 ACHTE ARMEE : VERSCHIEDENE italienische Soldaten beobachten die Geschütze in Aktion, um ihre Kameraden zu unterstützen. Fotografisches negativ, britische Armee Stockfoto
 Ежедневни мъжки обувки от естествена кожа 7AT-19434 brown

==

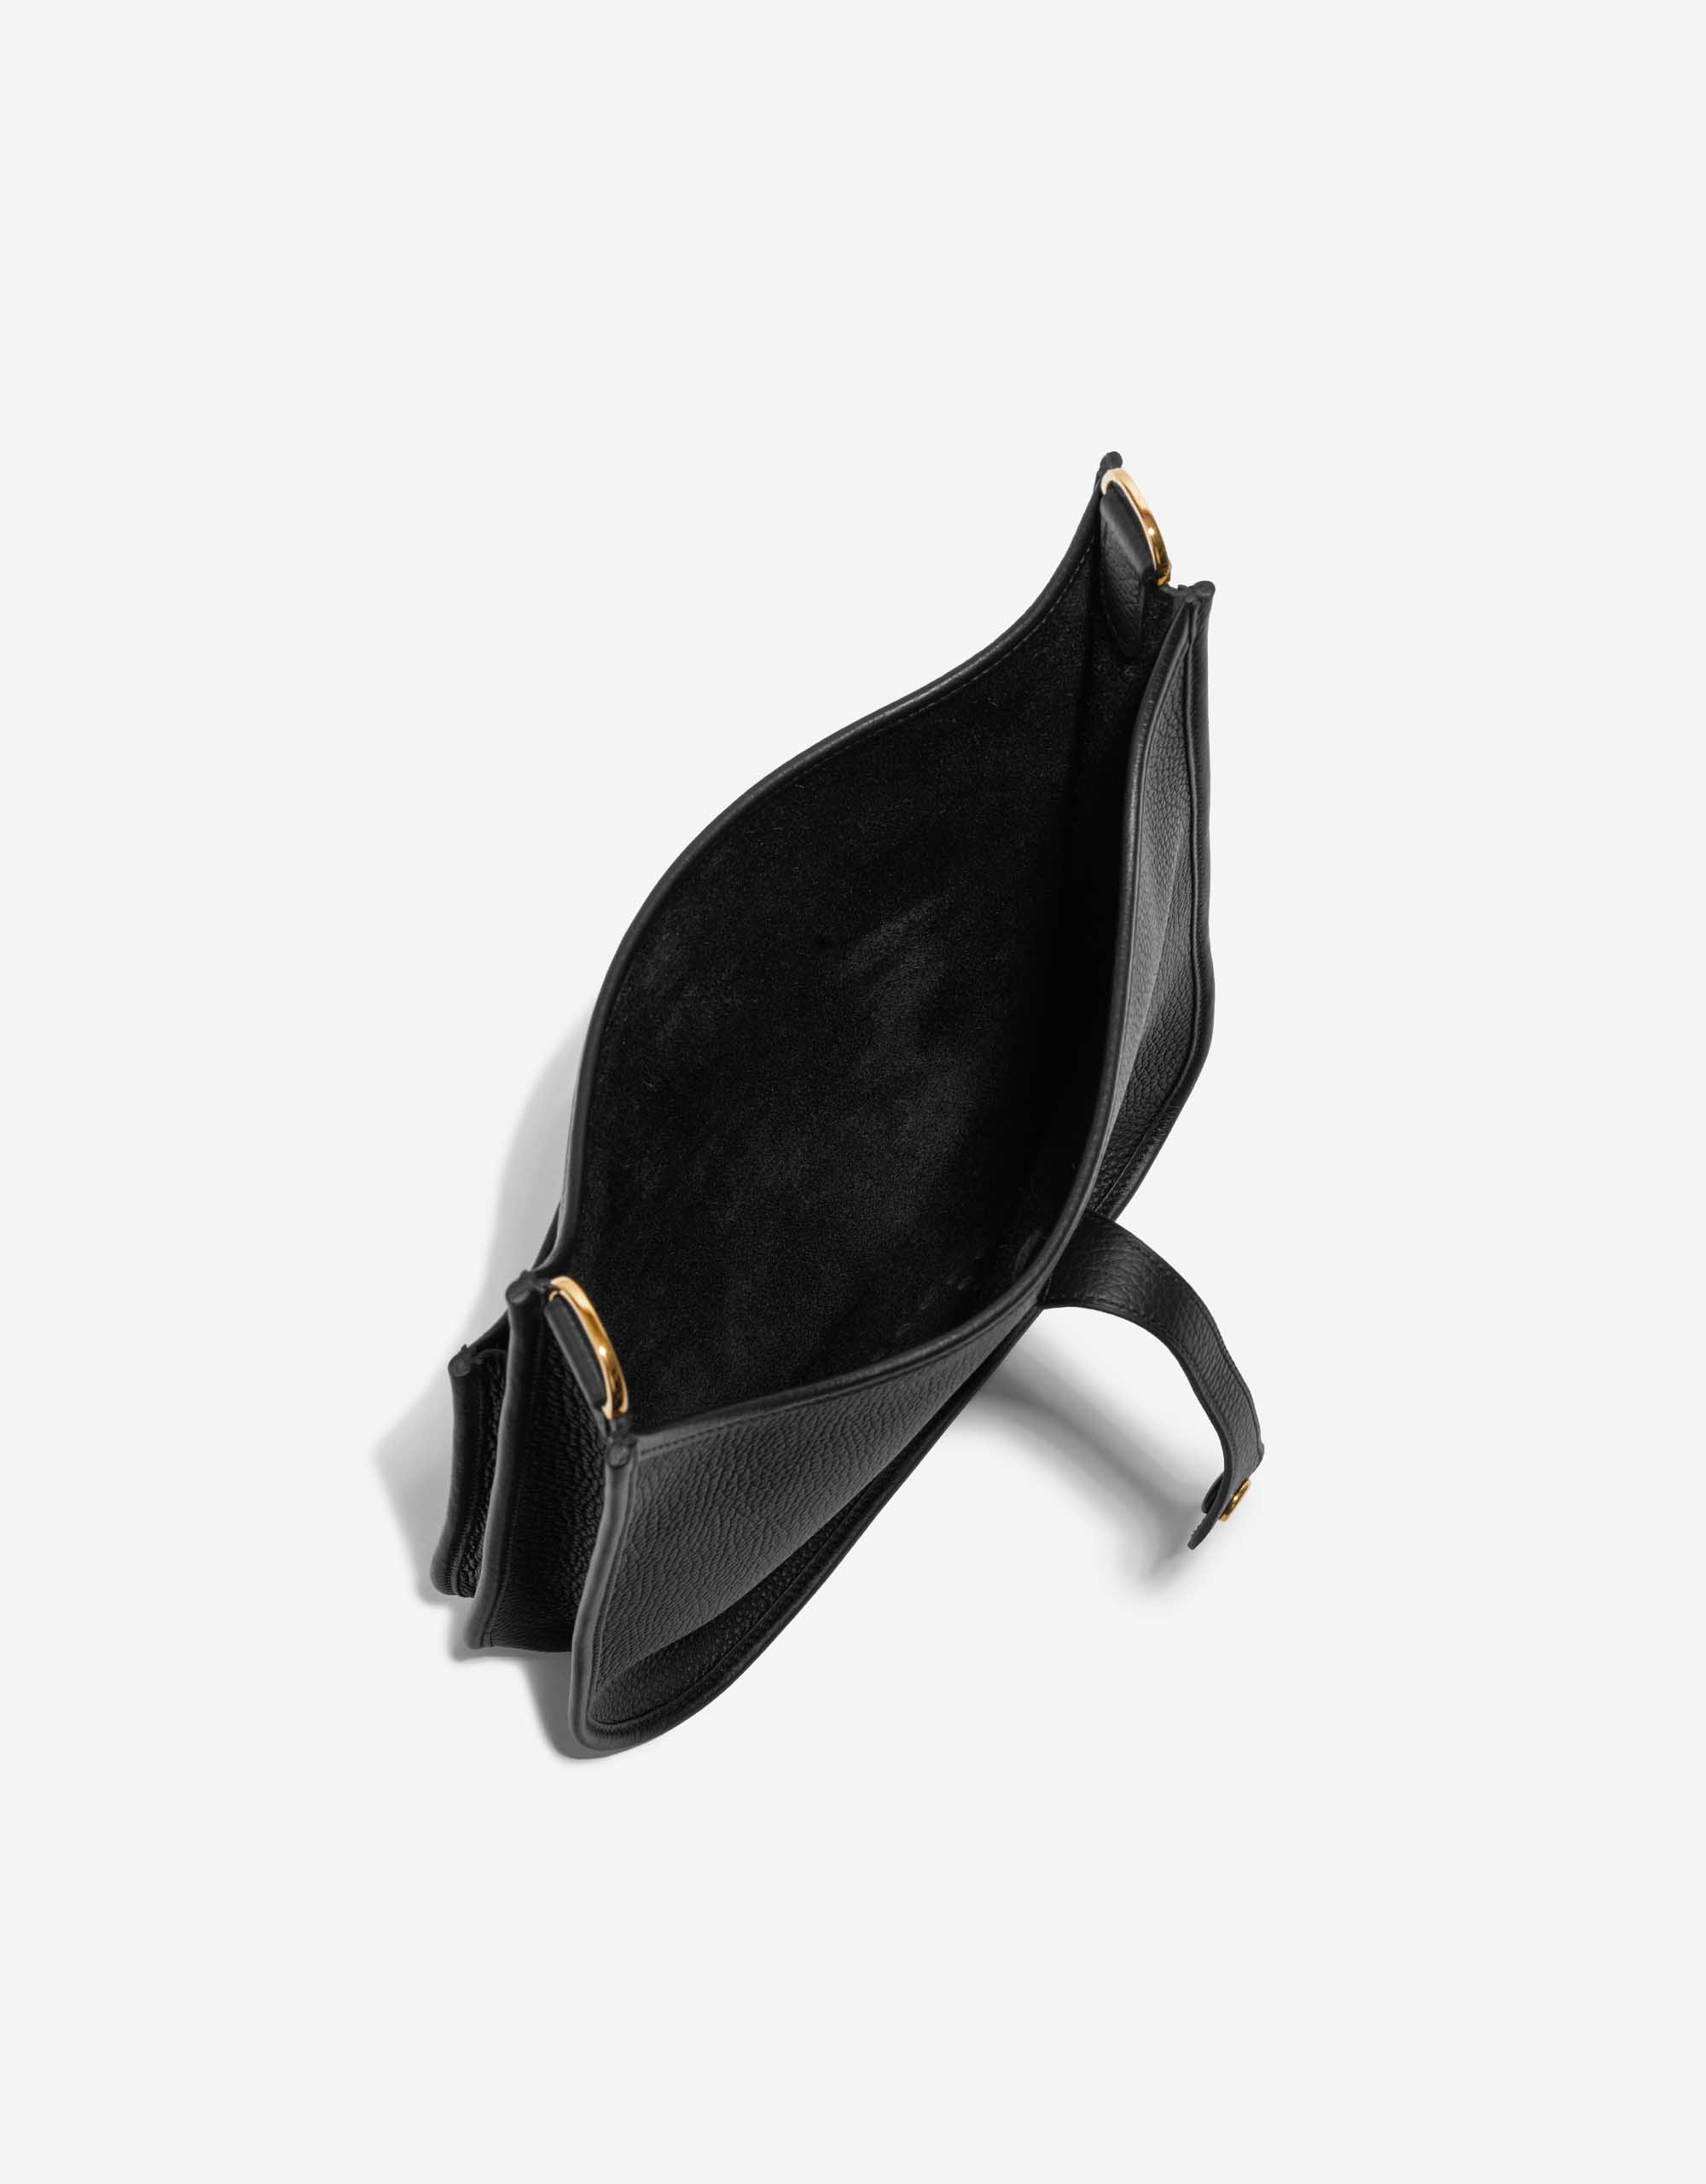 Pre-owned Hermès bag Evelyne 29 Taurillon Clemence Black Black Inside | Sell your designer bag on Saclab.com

**ABOUT THIS TASK:** Referring to the material above, set down exactly the lines between the line with "ACHTE ARMEE : VERSCHIEDENE" and the line with "Ежедневни мъжки обувки", inclusive, and no other lines.

**SOLUTION:**
 ACHTE ARMEE : VERSCHIEDENE italienische Soldaten beobachten die Geschütze in Aktion, um ihre Kameraden zu unterstützen. Fotografisches negativ, britische Armee Stockfoto
 Ежедневни мъжки обувки от естествена кожа 7AT-19434 brown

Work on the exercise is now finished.